Metadata-Version: 2.4
Name: beadloom
Version: 0.5.0
Summary: Context Oracle + Doc Sync Engine for AI-assisted development
Author: Beadloom Contributors
License-Expression: MIT
License-File: LICENSE
Keywords: ai,context,documentation,knowledge-graph,mcp
Classifier: Development Status :: 3 - Alpha
Classifier: Environment :: Console
Classifier: Intended Audience :: Developers
Classifier: License :: OSI Approved :: MIT License
Classifier: Programming Language :: Python :: 3
Classifier: Programming Language :: Python :: 3.10
Classifier: Programming Language :: Python :: 3.11
Classifier: Programming Language :: Python :: 3.12
Classifier: Programming Language :: Python :: 3.13
Classifier: Topic :: Software Development :: Documentation
Classifier: Typing :: Typed
Requires-Python: >=3.10
Requires-Dist: click>=8.1
Requires-Dist: mcp>=1.0
Requires-Dist: pyyaml>=6.0
Requires-Dist: rich>=13.0
Requires-Dist: tree-sitter-python>=0.23
Requires-Dist: tree-sitter>=0.23
Provides-Extra: all
Requires-Dist: mypy>=1.13; extra == 'all'
Requires-Dist: pytest-cov>=5.0; extra == 'all'
Requires-Dist: pytest>=8.0; extra == 'all'
Requires-Dist: ruff>=0.8; extra == 'all'
Requires-Dist: tree-sitter-go>=0.23; extra == 'all'
Requires-Dist: tree-sitter-rust>=0.23; extra == 'all'
Requires-Dist: tree-sitter-typescript>=0.23; extra == 'all'
Requires-Dist: types-pyyaml>=6.0; extra == 'all'
Provides-Extra: dev
Requires-Dist: mypy>=1.13; extra == 'dev'
Requires-Dist: pytest-cov>=5.0; extra == 'dev'
Requires-Dist: pytest>=8.0; extra == 'dev'
Requires-Dist: ruff>=0.8; extra == 'dev'
Requires-Dist: types-pyyaml>=6.0; extra == 'dev'
Provides-Extra: languages
Requires-Dist: tree-sitter-go>=0.23; extra == 'languages'
Requires-Dist: tree-sitter-rust>=0.23; extra == 'languages'
Requires-Dist: tree-sitter-typescript>=0.23; extra == 'languages'
Description-Content-Type: text/markdown

# Beadloom

> Read this in other languages: [Русский](README.ru.md)

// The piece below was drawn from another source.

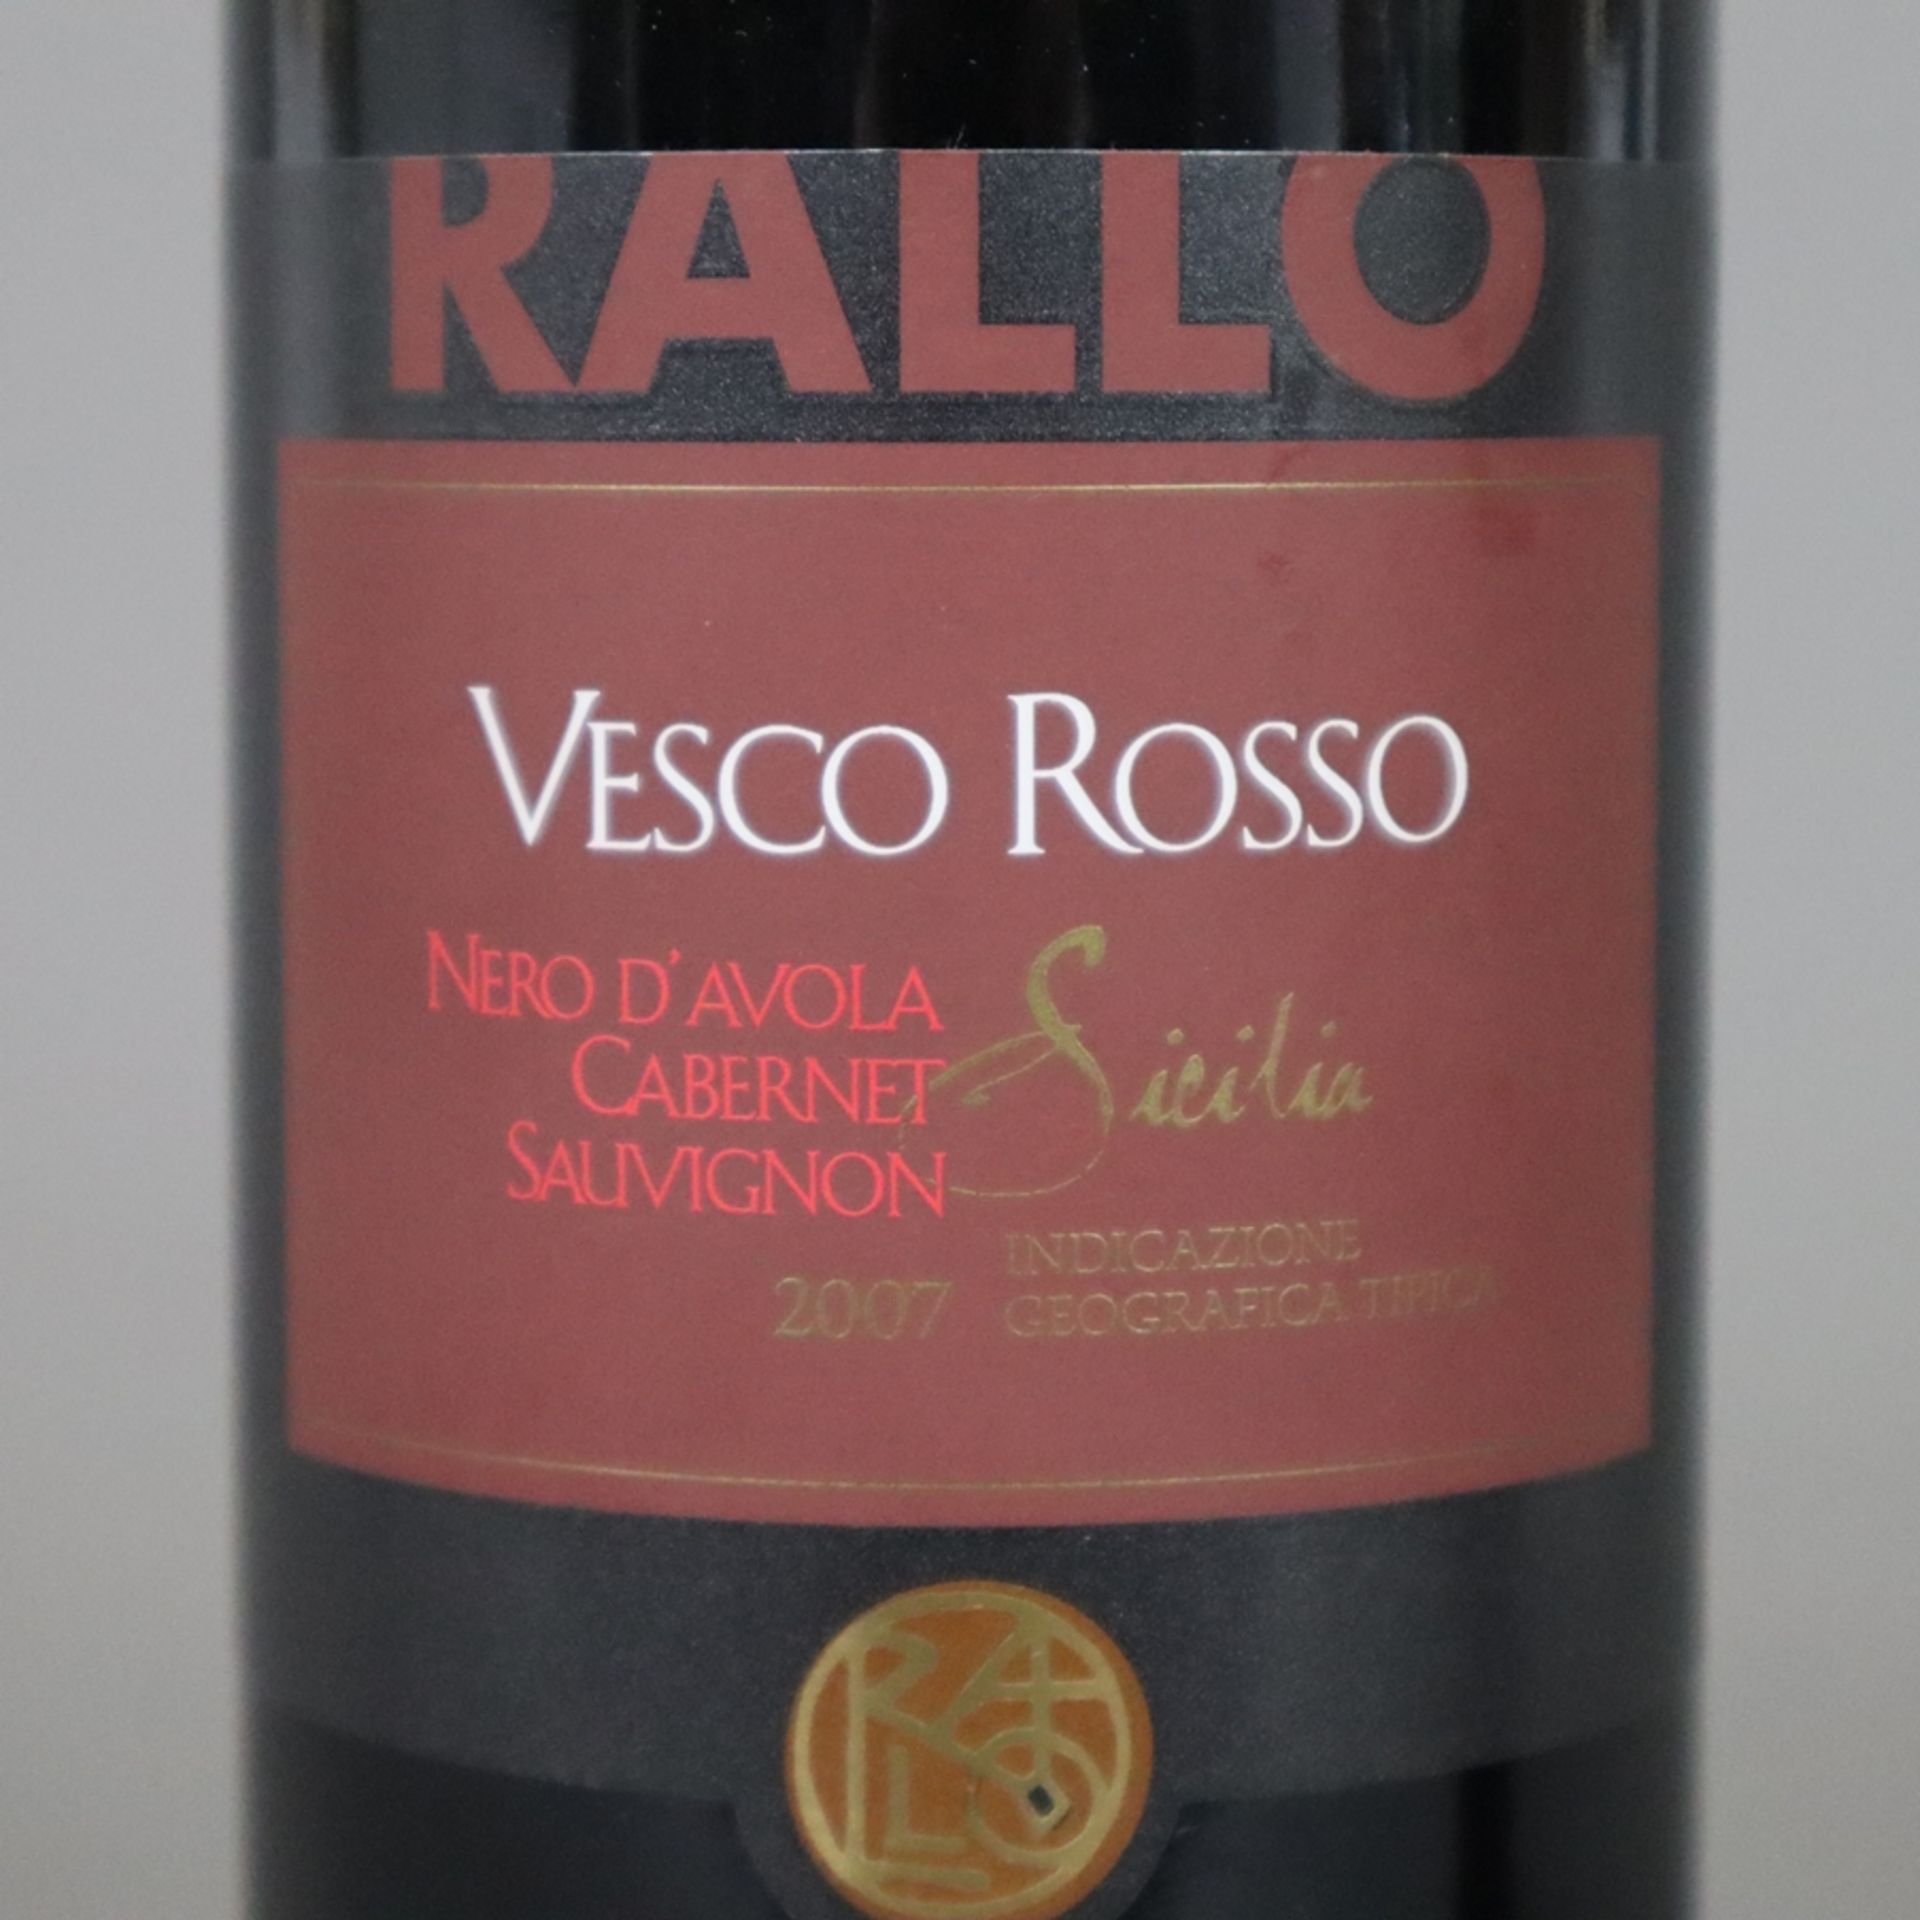 Weinkonvolut - 2 Flaschen 2007 Rallo Vesco Rosso Nero d'Avola /Cabernet Sauvignon Sicilia IG, Itali - Image 4 of 5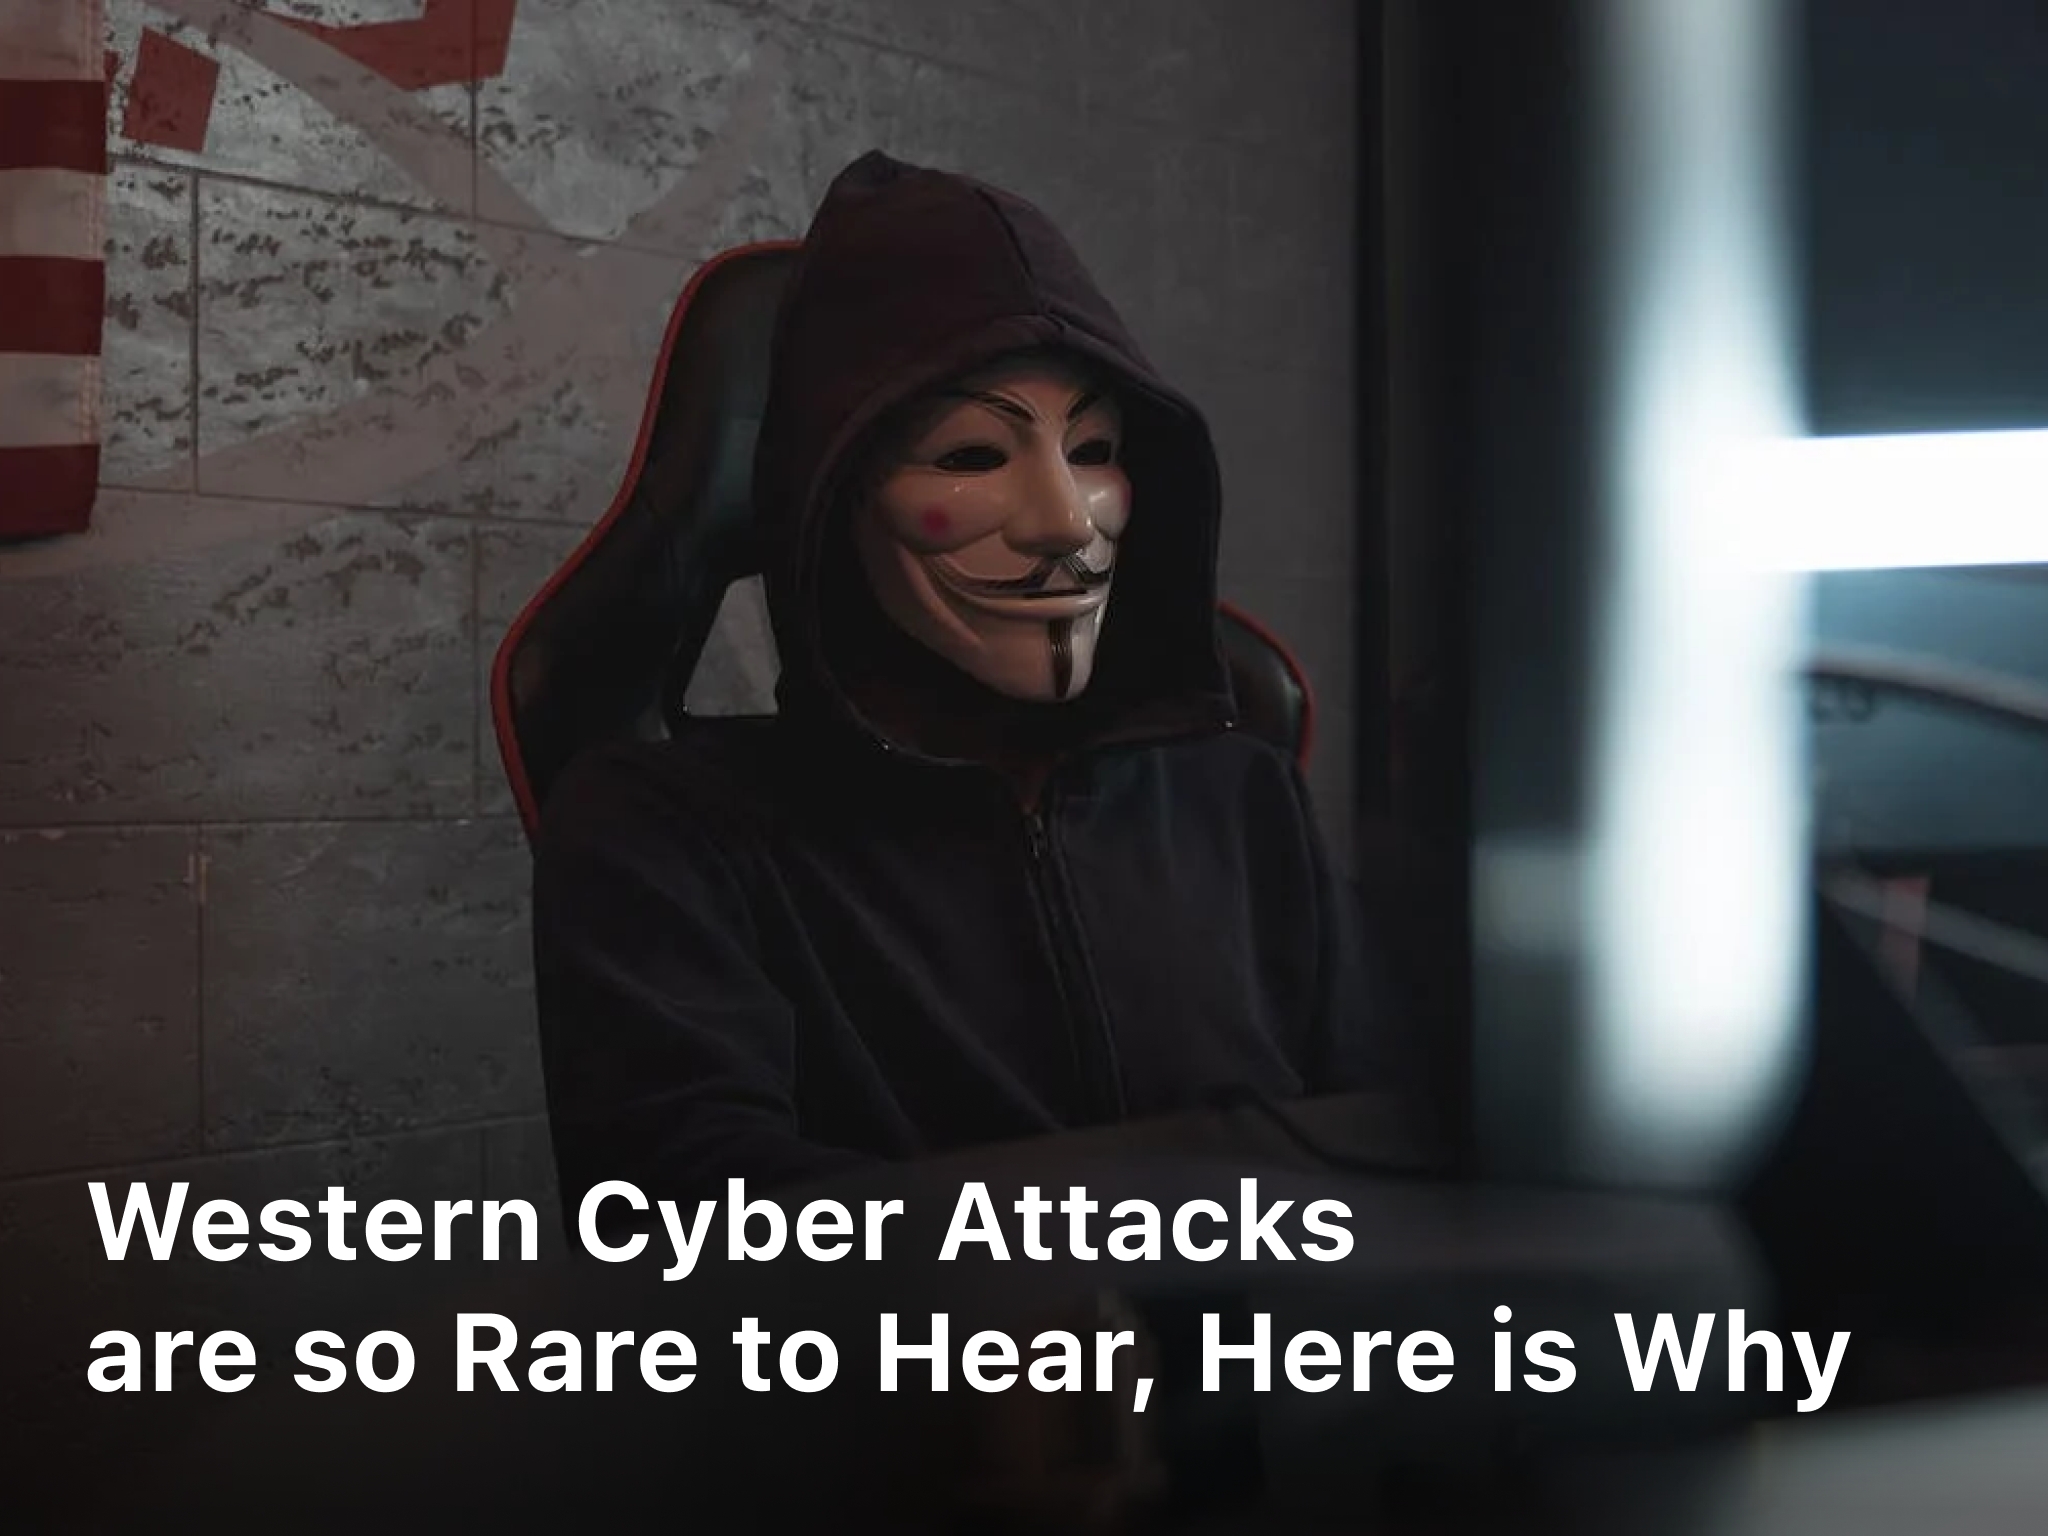 Western cyber attacks are so rare

**Your architecture shouldn't live in one person's head.**

[![License: MIT](https://img.shields.io/github/license/zoologov/beadloom)](LICENSE)
[![GitHub release](https://img.shields.io/github/v/release/zoologov/beadloom)](https://github.com/zoologov/beadloom/releases)
[![PyPI](https://img.shields.io/pypi/v/beadloom)](https://pypi.org/project/beadloom/)
[![Python](https://img.shields.io/pypi/pyversions/beadloom)](https://pypi.org/project/beadloom/)
[![CI](https://img.shields.io/github/actions/workflow/status/zoologov/beadloom/ci.yml?label=CI)](https://github.com/zoologov/beadloom/actions)
[![mypy: strict](https://img.shields.io/badge/mypy-strict-blue)](https://mypy-lang.org/)
[![code style: ruff](https://img.shields.io/endpoint?url=https://raw.githubusercontent.com/astral-sh/ruff/main/assets/badge/v2.json)](https://github.com/astral-sh/ruff)
[![coverage: 80%+](https://img.shields.io/badge/coverage-80%25%2B-green)](pyproject.toml)

---

Beadloom is a knowledge management tool for codebases. It turns scattered architecture knowledge into an explicit, queryable graph that lives in your Git repository — accessible to both humans and AI agents.

> IDE finds code. Beadloom tells you what that code means in the context of your system.

**Platforms:** macOS, Linux, Windows &nbsp;|&nbsp; **Python:** 3.10+

## Why Beadloom?

Large codebases have a knowledge problem that code search alone doesn't solve:

- **"Only two people understand how this system works."** Architecture knowledge lives in heads, not in the repo. When those people leave, the knowledge goes with them.
- **"The docs are lying."** Documentation goes stale within weeks. Nobody notices until an agent or a new hire builds on top of outdated specs.
- **"AI agents reinvent context every session."** Each agent run starts from scratch — grepping, reading READMEs, guessing which files matter. Most of the context window burns on orientation, not on actual work.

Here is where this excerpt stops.